I have a theory. Regular readers will be unsurprised to learn this, but when you drive 60,000 miles a year and Test Match Special has a limited listening window, theories come easily. And they come about through observing how well – or rather how badly – other people drive.

Mostly people drive pretty well, considering how inadequately most people are trained. They follow the right lanes, they give way, they wave to say thank you when you let them out of turnings. But, as you will know, it’s far from a given. Some people drive horribly.

My theory is that these people don’t just drive badly, they do everything badly. Those who dawdle, fail to indicate, sit in the middle lane or have no sense of spatial awareness are the same ones who suddenly stop, in the middle of a supermarket aisle or pavement, without regard for those around them. Annoying, but not consciously belligerent.

Worse are those who try to gain a blatant advantage. Not a subtle “if I discreetly put myself in this lane now then I’ll be better off half a mile down the road” advantage, but an “I know it’s a line of moving traffic filtering past a slower one, but I’ll weave out of this lane, make up a space and pull dangerously back in to make up a few nanoseconds” advantage.

I’m convinced they are the same people who push into queues elsewhere, or – my pet hate – appear on flights with hand baggage that’s clearly too big and heavy to be hand baggage and then expect to find a space for it.
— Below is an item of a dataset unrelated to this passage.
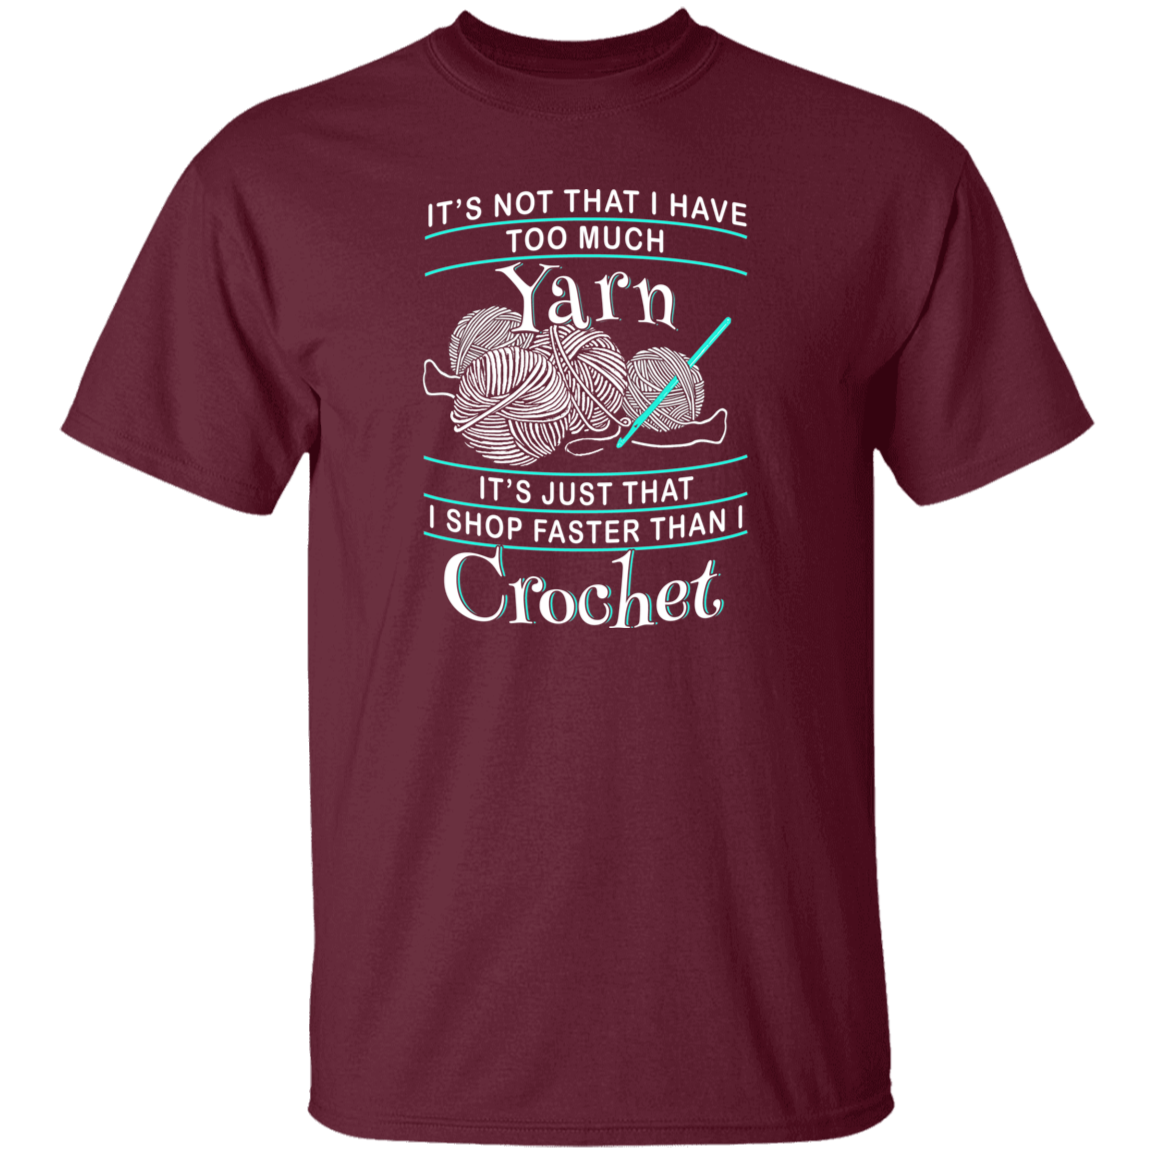 I Shop Faster than I Crochet T-Shirt
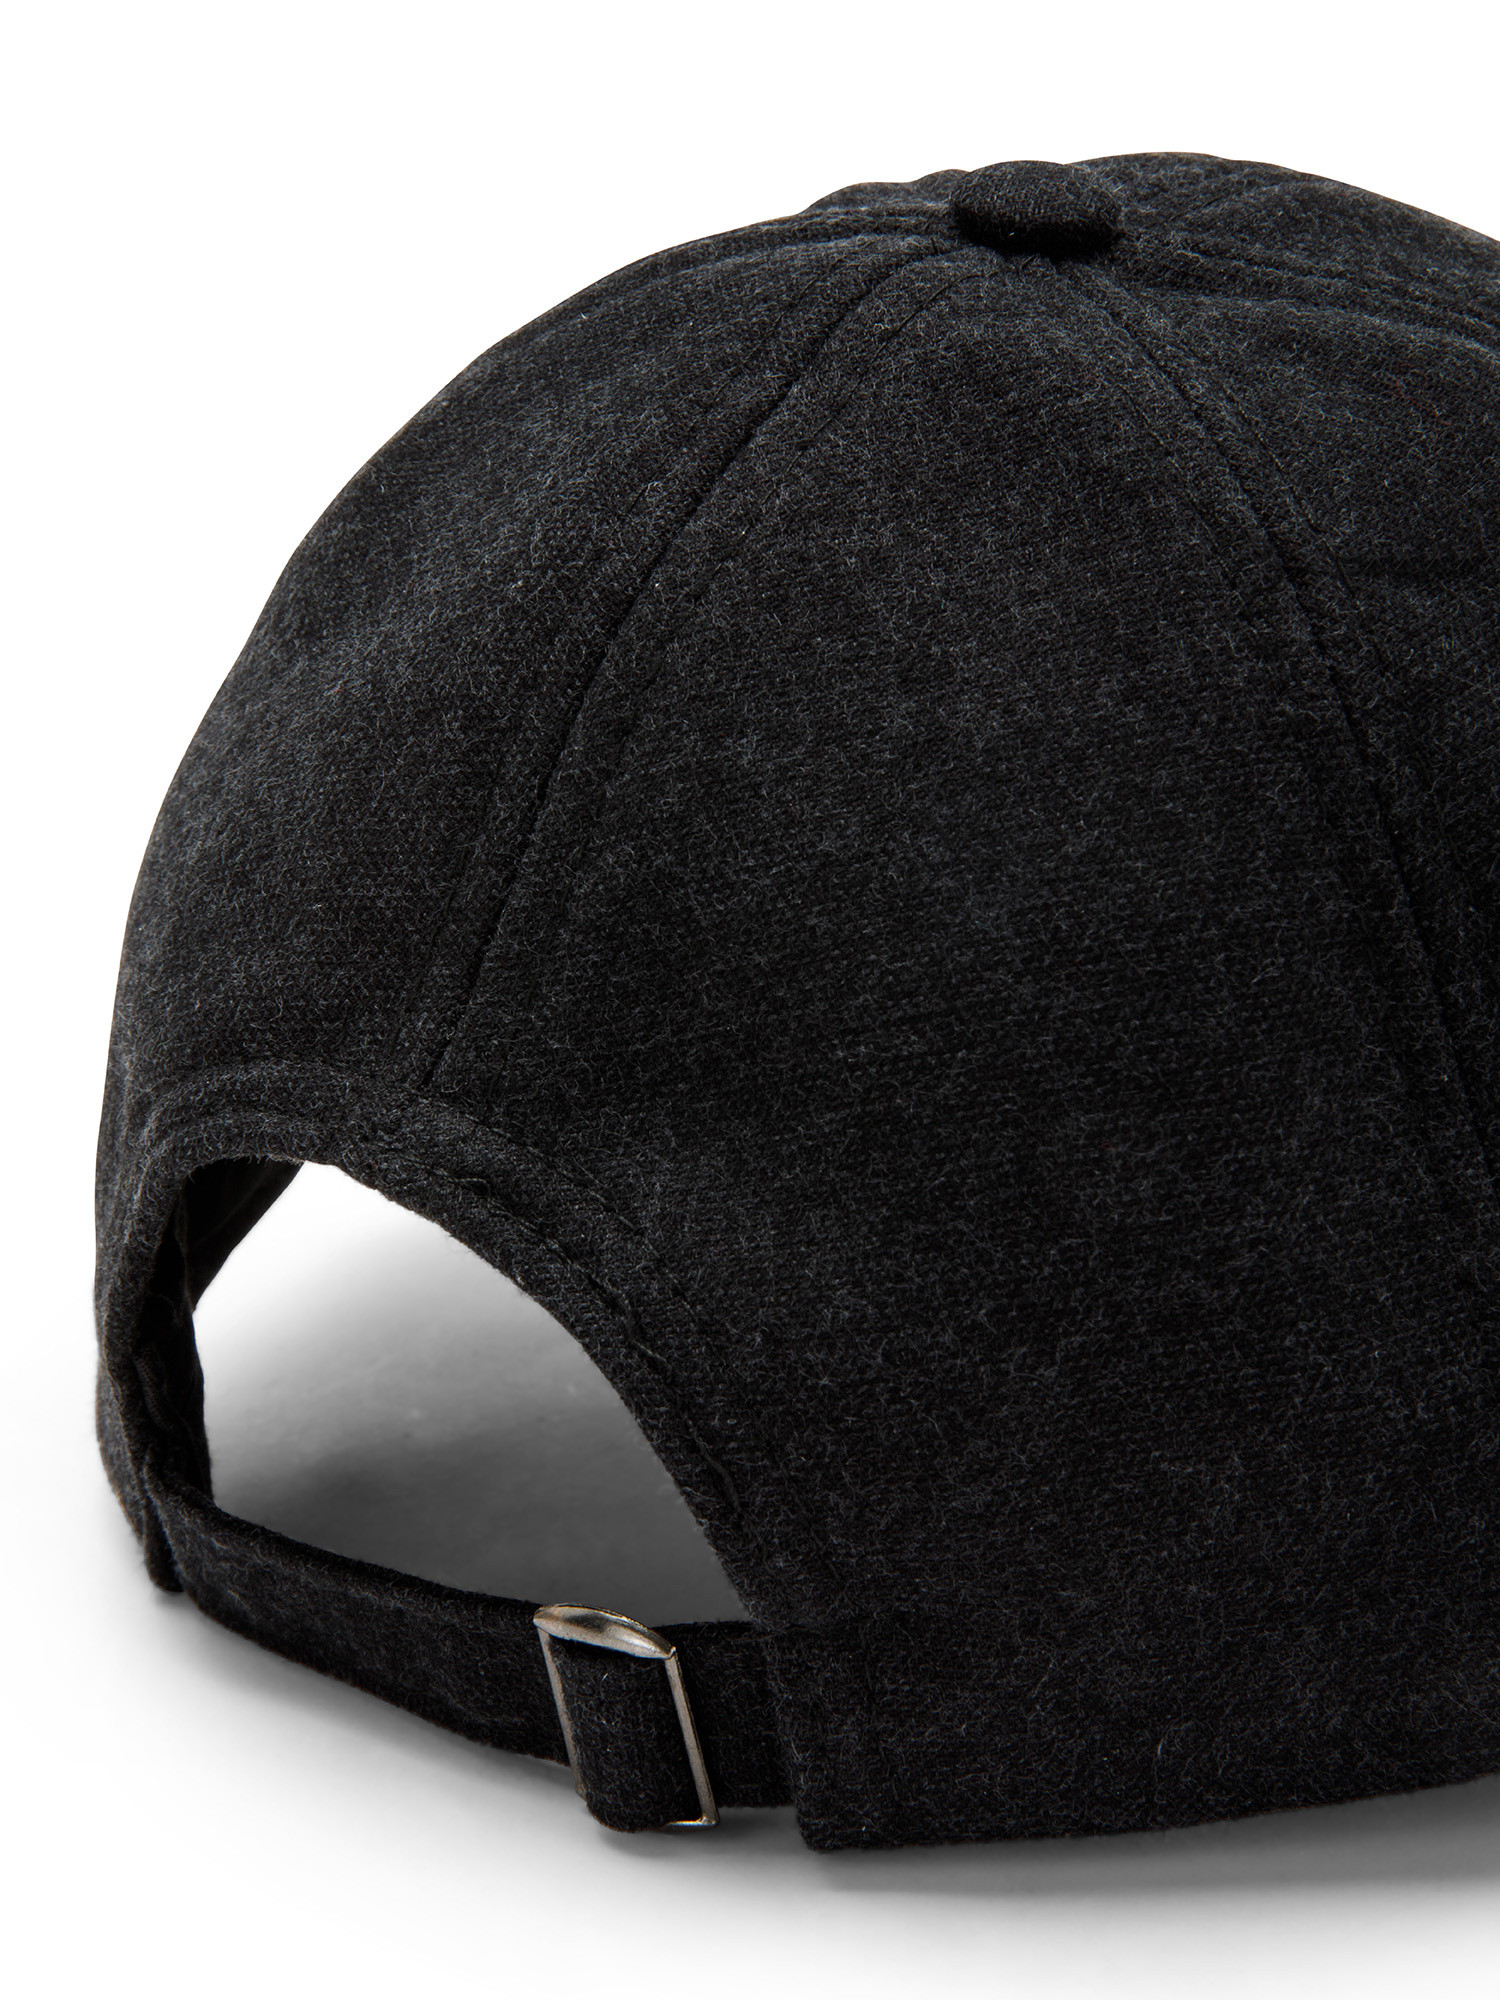 Luca D'Altieri - Baseball cap, Black, large image number 1

In the interests of research and when time allows, I’ll follow a bad driver and note what else they do, then report back. I don’t think this constitutes stalking. But I suppose we’ll see.

I should do it while I can, of course, because there will come a time when cars drive themselves, then it’ll be impossible to tell whether people are inconsiderate or not by the way they drive.

It’ll be like the time the Ford Escort died and the Focus arrived: you could tell somebody didn’t care much about driving and should be steered around if they drove a late-model Escort (earlier models excepted, naturally), but the Focus was such a good car that it was also bought by people who liked driving and were good at it. All terribly confusing.

For now, I think the theory stands. If you should avoid them on the road, you should probably avoid them everywhere.